Conspiracy Theories Fill Italy Media Over Pope Brain Tumor Story

Pope Francis
Pope Francis blesses the faithful during his Wednesday general audience in Saint Peter's square at the Vatican October 21, 2015.  REUTERS/Alessandro Bianchi

Conspiracy theories worthy of a Dan Brown novel sprouted in the Italian media on Thursday, with accusations that Pope Francis's enemies were looking to undermine him after a newspaper reported he had a brain tumor.

The Vatican angrily denied Wednesday's story, calling it irresponsible and inexcusable, but rather than fading out of sight, the saga has inflated into a cloak-and-dagger whodunnit.

"Who wants the pope dead", the main headline in Il Giornale newspaper said. La Repubblica and La Stampa, both respected dailies, wrote of a "shadow of a plot" on their front pages.

Most papers concluded that the story was false. But rather than dismissing it as a journalistic error, commentators and churchmen in the land that gave the world Machiavelli, the master of political cunning, looked for hidden intrigue.

The common denominator was that the pope's foes within the Vatican and the Catholic Church want to weaken his authority as a pivotal meeting of world bishops on family issues nears its end on Sunday.

La Repubblica quoted Argentine Bishop Victor Manuel Fernandez as fearing a well-planned "apocalyptic strategy" against Francis by conservatives who want to destabilize the Church and block his attempts to change it.

Leading political columnist Massimo Franco wrote in Corriere della Sera daily that the story was probably "hatched in the most murky Vatican underground and was aimed at de-legitimizing the pontiff".

La Stampa called the saga part of a "calumny to block change".

It all stemmed from a report in Quotidiano Nazionale that a Japanese doctor had secretly visited the Vatican in January to examine the pope and concluded that he had a benign tumor that could be treated without surgery.

The Vatican issued three detailed denials and the doctor, Takanori Fukushima, released a statement through his office in North Carolina that said: "I have never medically examined the pope. These stories are completely false."

Fukushima's office said he shook the pope's hand alongside thousands of people at a general audience, but nothing more.

Quotidiano Nazionale said on Thursday it stuck by its story.

But the Vatican's own newspaper, L'Osservatore Romano, said the timing of "false news" was fishy. "The moment chosen unmasks an attempt to raise a cloud of dust in order to manipulate."

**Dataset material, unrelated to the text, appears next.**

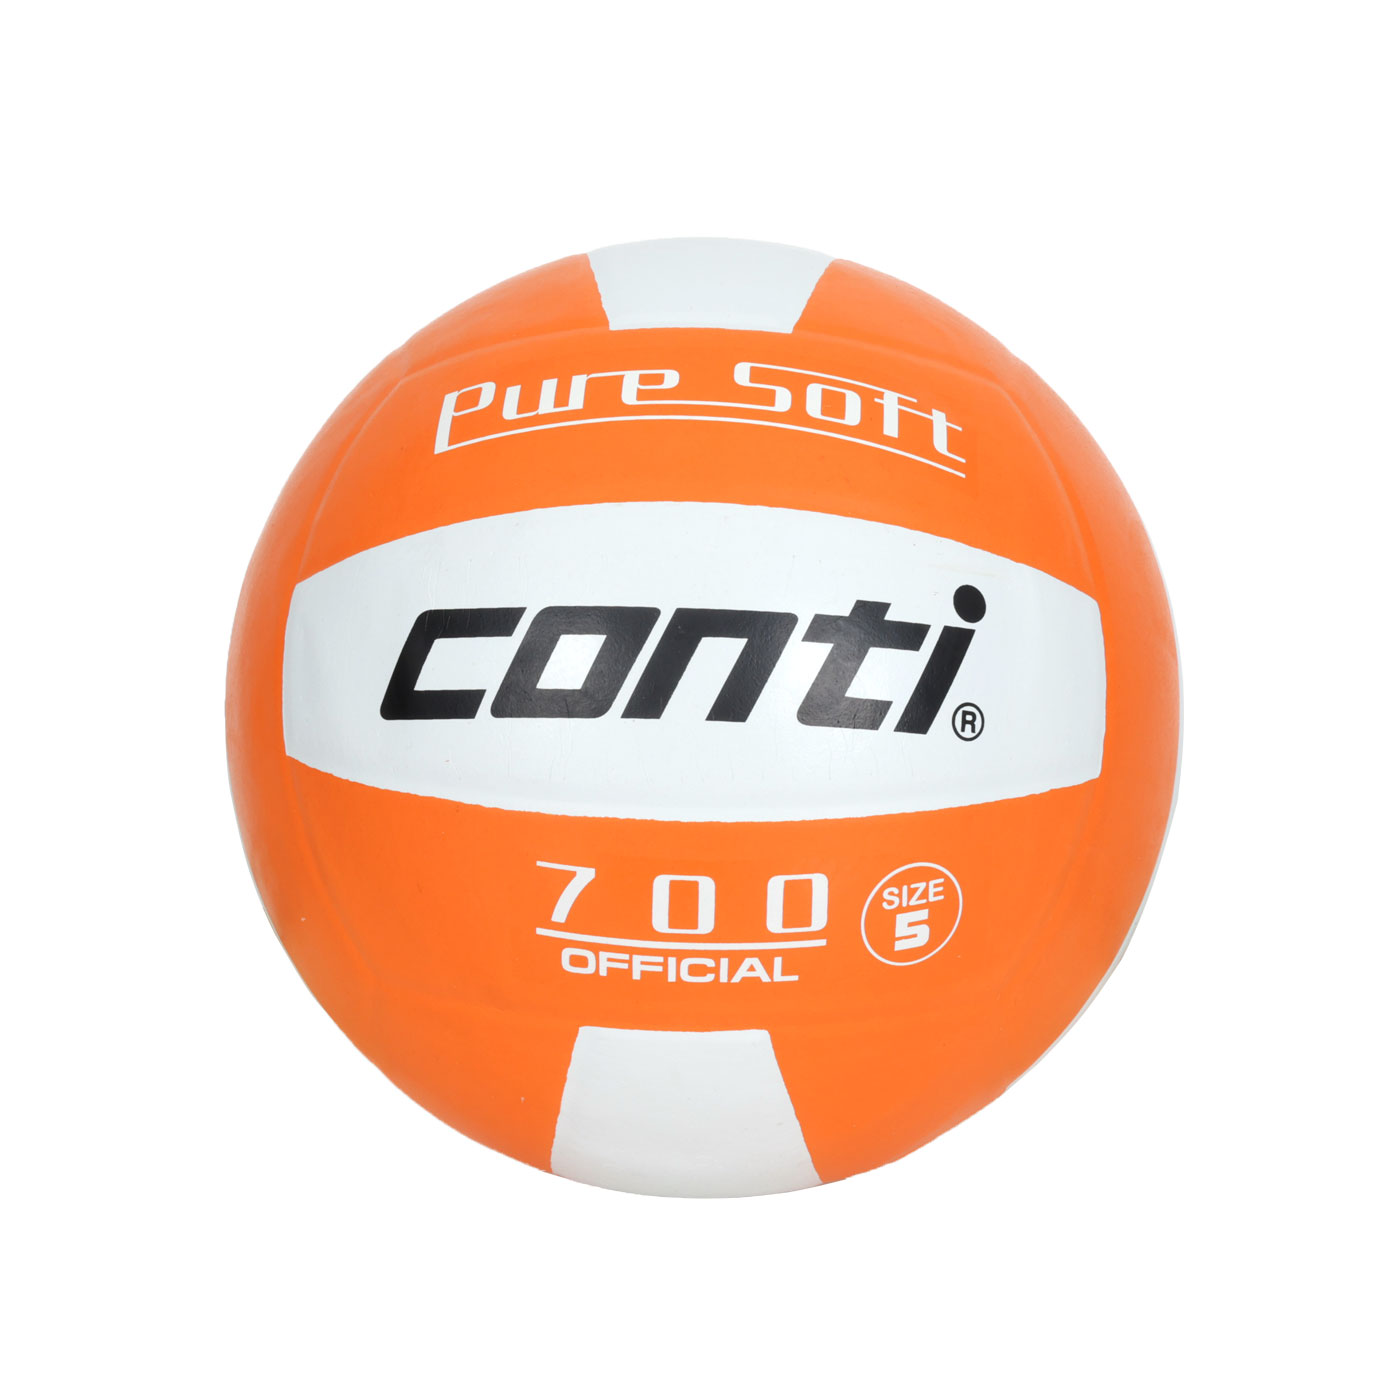 詠冠conti 5號超軟橡膠排球-雙色系列 CONTI V700-5-W0 - 橘白

"Some, both inside and outside the Church, are nervous about the outcome of the synod," said German Cardinal Walter Kasper, a progressive close to the pope.

"It's clear that some people don't like this pope ... but the pope is in good shape and the attempt will be in vain," he told Corriere della Sera.

Conservatives at the gathering oppose changes to doctrine on issues such as how to minister to homosexuals and divorced Catholics by showing more mercy and less condemnation.

The pope has said he wants to show more mercy without changing fundamental rules.